> DESCRIPTION OF THE TASK:
Copy the records below exactly, starting at the line that contains "خشاب سیمکارت هورس" and ending at the line that contains "shot-18.01.24_22.51.58-0673.jpg"; leave out any pictures.

> INPUT DATA:

/---

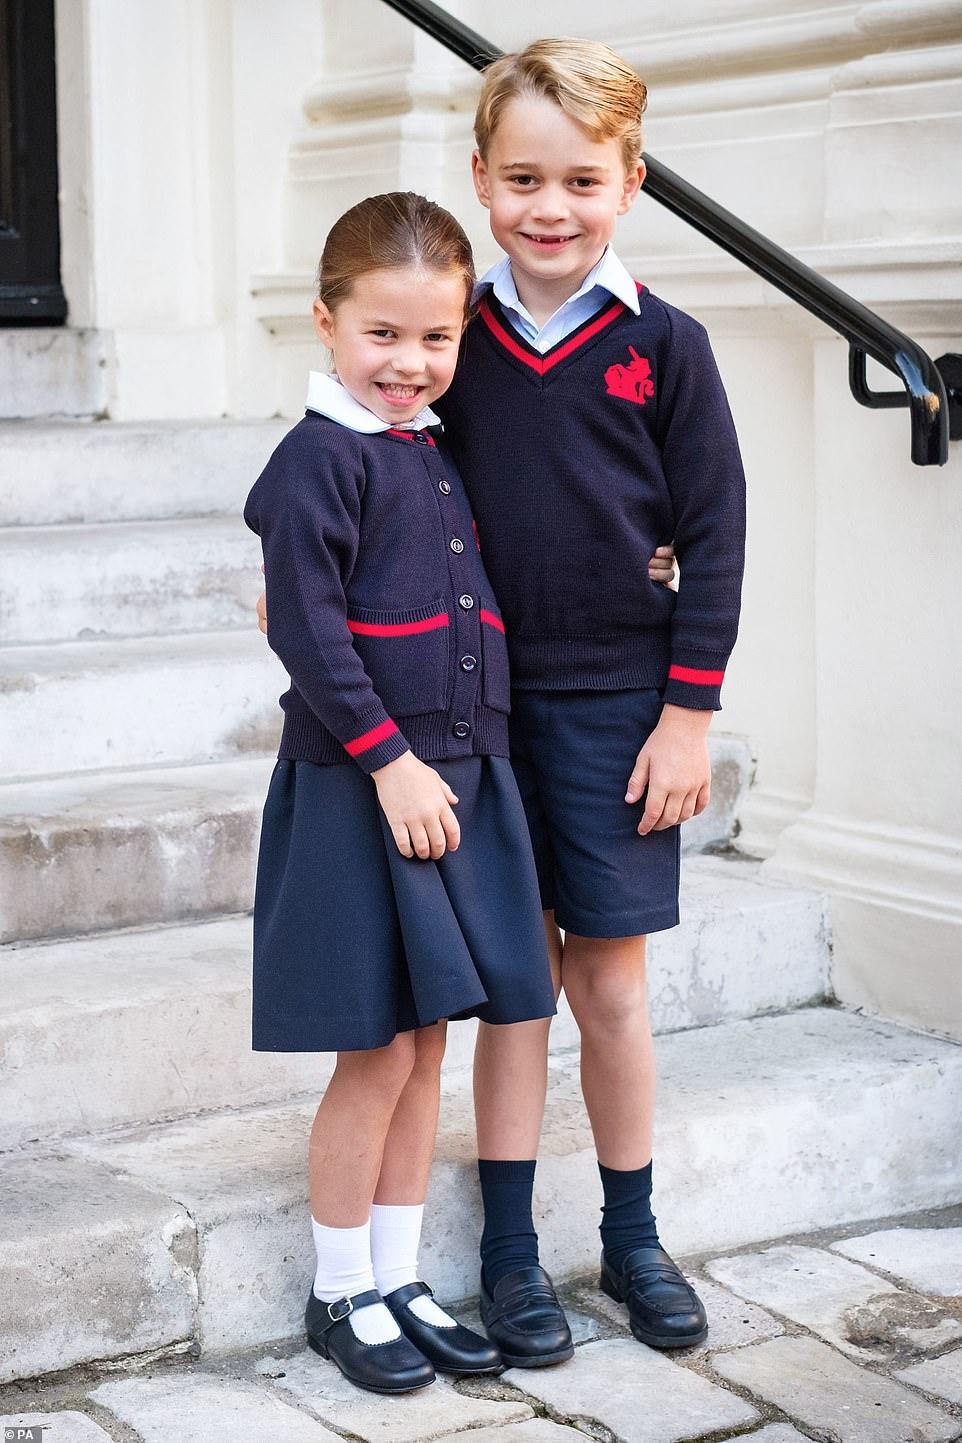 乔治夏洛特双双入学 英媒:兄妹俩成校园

\---
/---

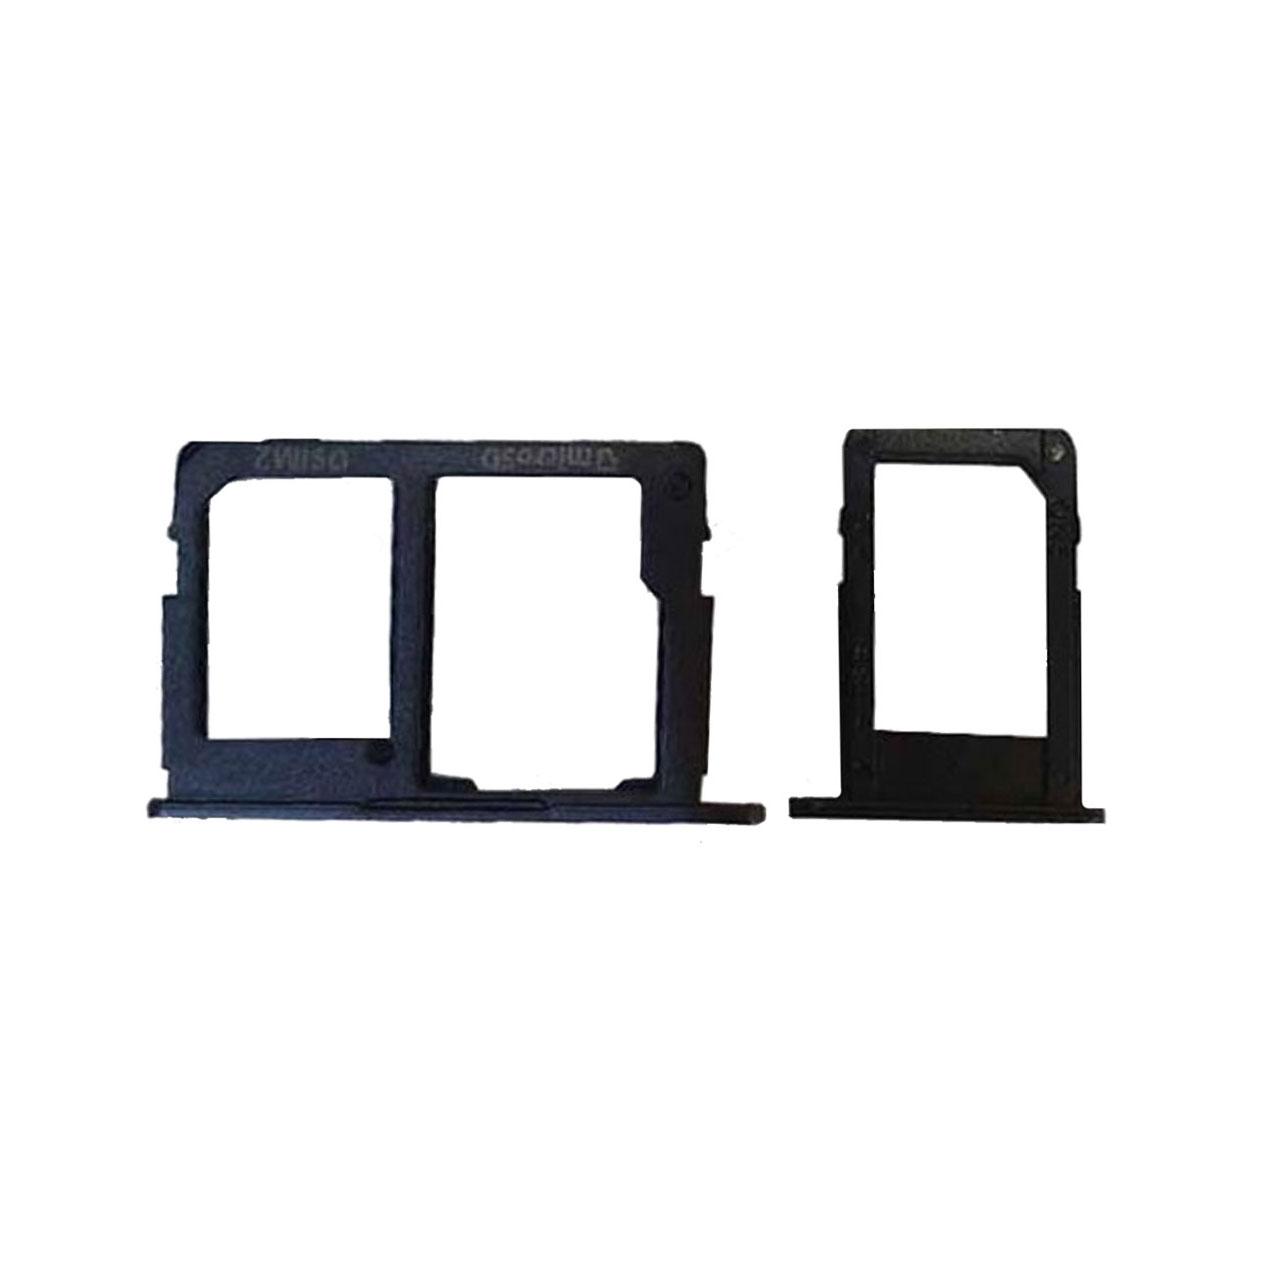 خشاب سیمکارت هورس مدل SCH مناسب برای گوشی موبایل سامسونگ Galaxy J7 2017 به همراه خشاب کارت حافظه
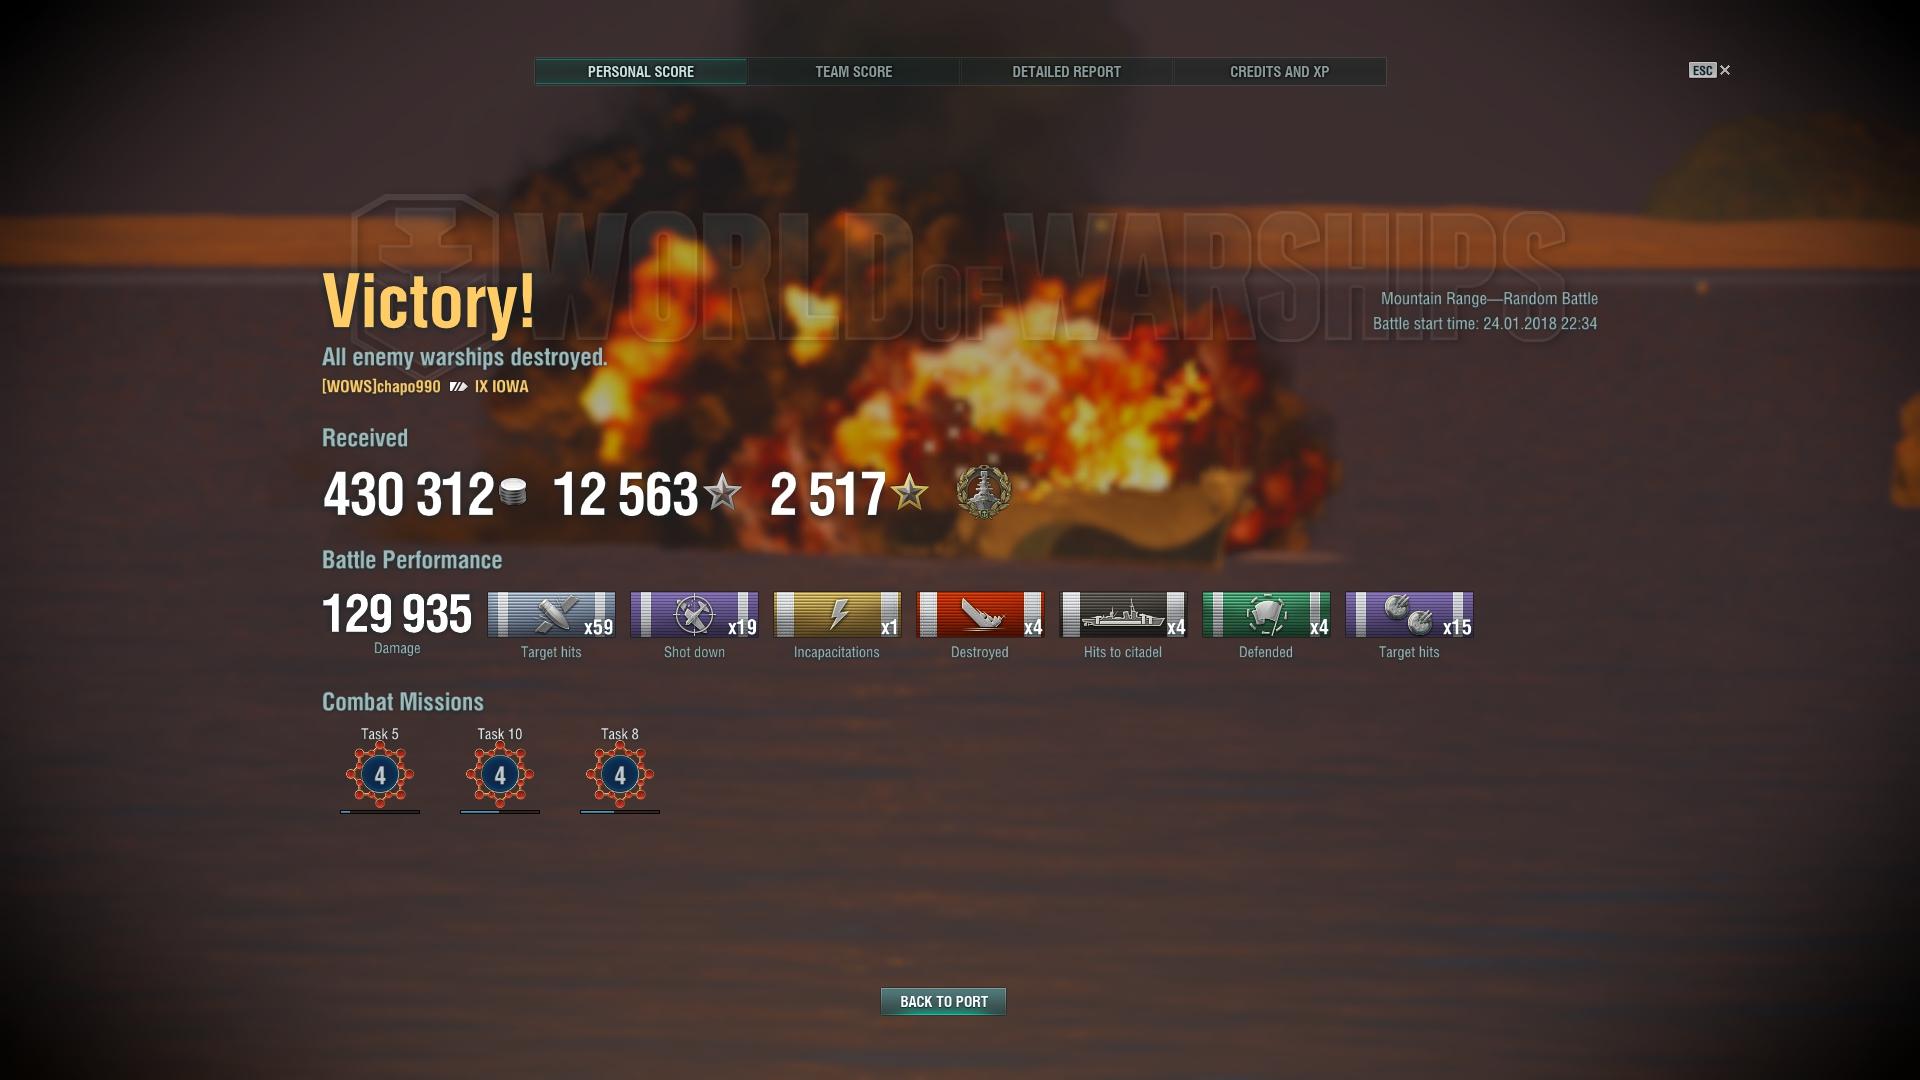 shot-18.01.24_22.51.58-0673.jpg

\---

> ANSWER TO THIS PROBLEM:
 خشاب سیمکارت هورس مدل SCH مناسب برای گوشی موبایل سامسونگ Galaxy J7 2017 به همراه خشاب کارت حافظه
 shot-18.01.24_22.51.58-0673.jpg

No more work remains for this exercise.